Despite having to fight long-standing battles against racism, hate, discrimination and even internment, Asian Americans have played vitally important roles in building our state and nation. The recent rise of hateful rhetoric coupled with former President Trump’s labeling of COVID-19 as the “China Virus” has contributed to an America where last summer 3-in-10 Asian Americans reported having experienced racial slurs or racist jokes since the start of the pandemic, according to the Pew Research Center.
Fifth grade educator Chau Bao Nguyen says the constant threat of racism and misogyny means taking additional precautions and being mindful of her own safety whenever she leaves her home.
“Unfortunately, this is a part of living in our society. I have to be aware and alert as a petite Asian-looking woman,” says Nguyen, an Associated Chino Teachers member. “It’s a stressful way to live, with the chronic anxiety from simply going to the store, work or school to fearing for your life.”
Student CTA member Amy Lo says she found it particularly disturbing to see many try to explain away the Atlanta murders as something other than racism, in the days that followed the tragedy.
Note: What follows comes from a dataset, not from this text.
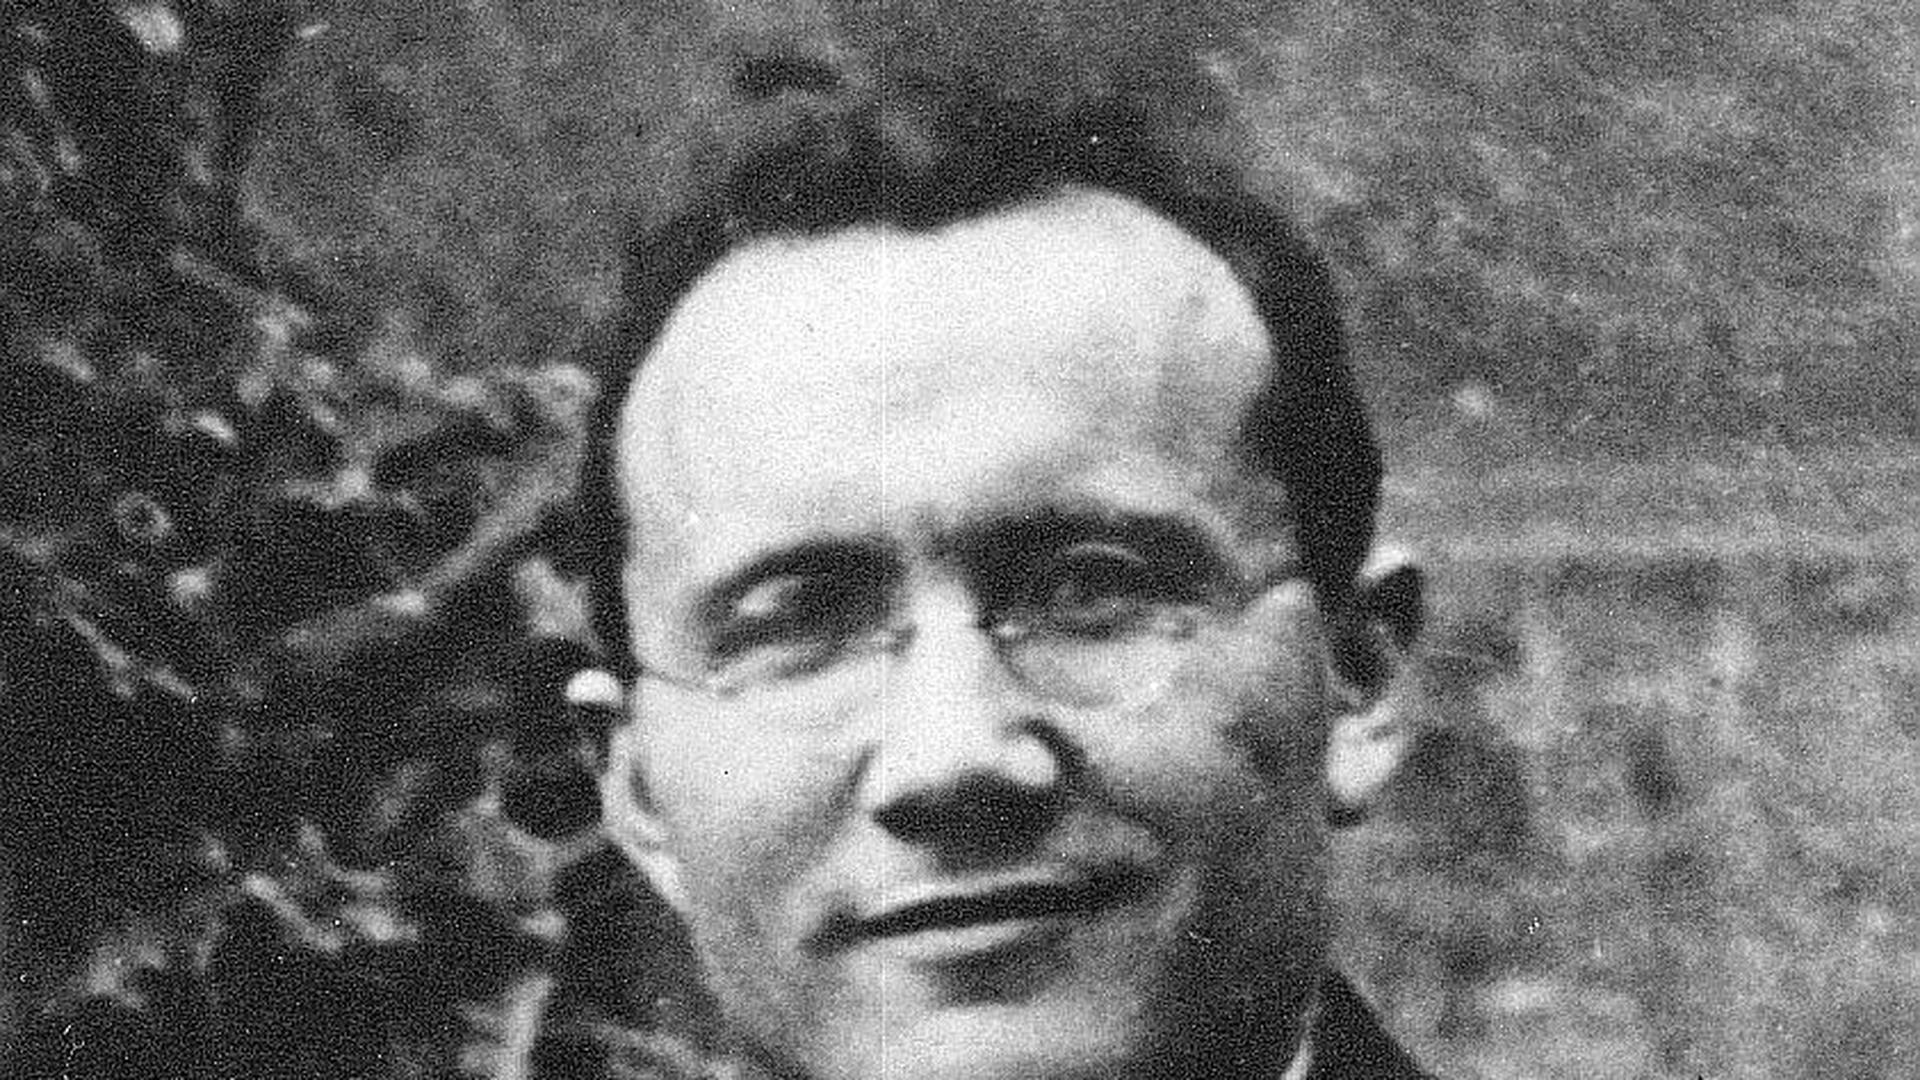 Le rédacteur du Wort Jean-Baptiste Esch a lui aussi été emmené par les occupants. Il est mort en 1942 dans les chambres à gaz du château de Hartheim.
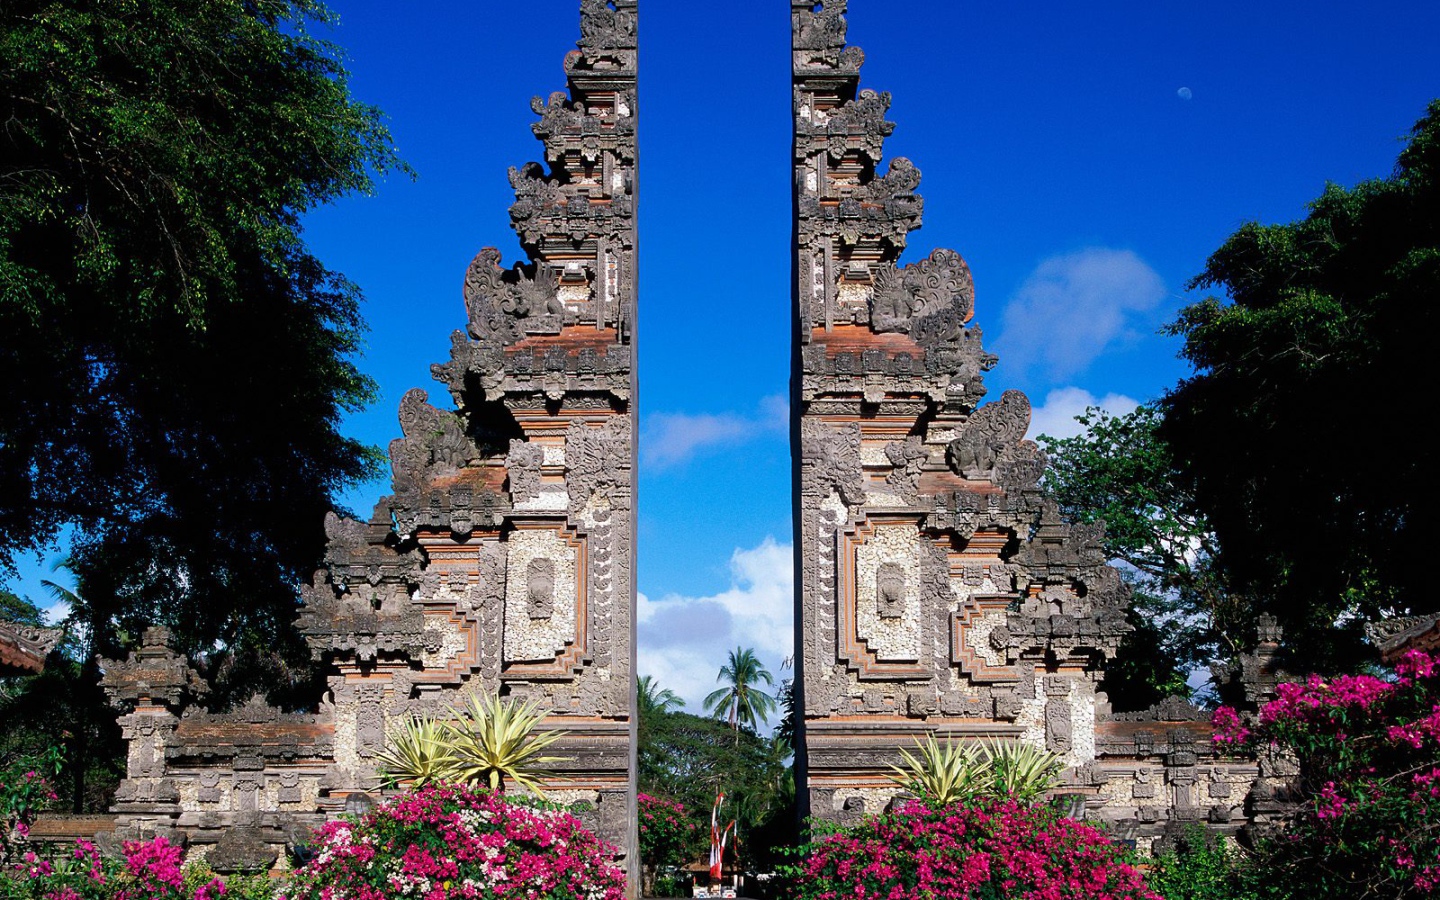 Бали / Индонезия

The aspiring educator says we need to do better at addressing the root cause of why white supremacy-fueled hate incidents happen so frequently in America — and taking action.
“We can all do something to fight against this,” says Lo. “Join an anti-hate organization, reach out to people who need support, donate your money and time — do whatever you can, but do something!”
Nguyen says that when educators learn the tools to take action against racism, hate and violence, and teach them to students, our communities become safer and more harmonious. “When hate arises, we have tools to handle it, so it doesn’t turn into violence. Join your equity and human rights committee through the union. Start one and create a support network for educators. For every child who learns the tools, one more person is safer and freer to be themselves.”
The CTA Pacific Asian American Caucus released a statement calling on all educators to raise awareness, join the fight and make a clear declaration against anti-Asian sentiments, violence and racism everywhere.
“Our community should know that we, as educators and a cornerstone of our society, are all in this together, and that we will not tolerate any violence, hostility, derogatory or negative attitudes toward our AAPI students, families, staff, or administration,” the statement reads. “We must not only be committed to being anti-racist in our roles as educators, but we must call out racism and hate and stand up to them when we are confronted with them!”
Caucus chair Ken Tang says fighting white supremacy means speaking out, showing solidarity and being a part of the solution.
“We need to work together. When you hear something, say something,” says Tang. “We all need to do our part in checking our own biases and being better. We need to stop being divided. We need to be united.”
Ways to get involved and take action
- If you see something, say something. Report it at StopAAPIHate.org
- Share CTA’s Pacific Asian American Caucus statement
- Learn about and support the National Asian Pacific American Women’s Forum
- Learn about and support AAPI organizations like Asian Americans Advancing Justice (Atlanta, LA, SF/Asian Law Caucus)
- Have courageous conversations with your family and friends about violence against Asian Americans and how you can fight against stereotypes and racism
- How to respond to Coronavirus racism in the classroom
- Check out the Asian Pacific American Labor Alliance’s Resource Guide on Anti-Asian Violence
- Share activist and NBA star Jeremy Lin’s video urging an end to violence and racism against Asian Americans and Pacific Islanders
- Research #StopAsianHate and #StopAAPIHate on social media and follow AAPI activists
- Support Georgia’s Asian American Community
“As educators, we can lead the way by teaching and celebrating AAPI history and culture, bringing awareness to these incidents, and letting your students, families and communities know you stand with the AAPI community,” says CTA Board member Telly Tse.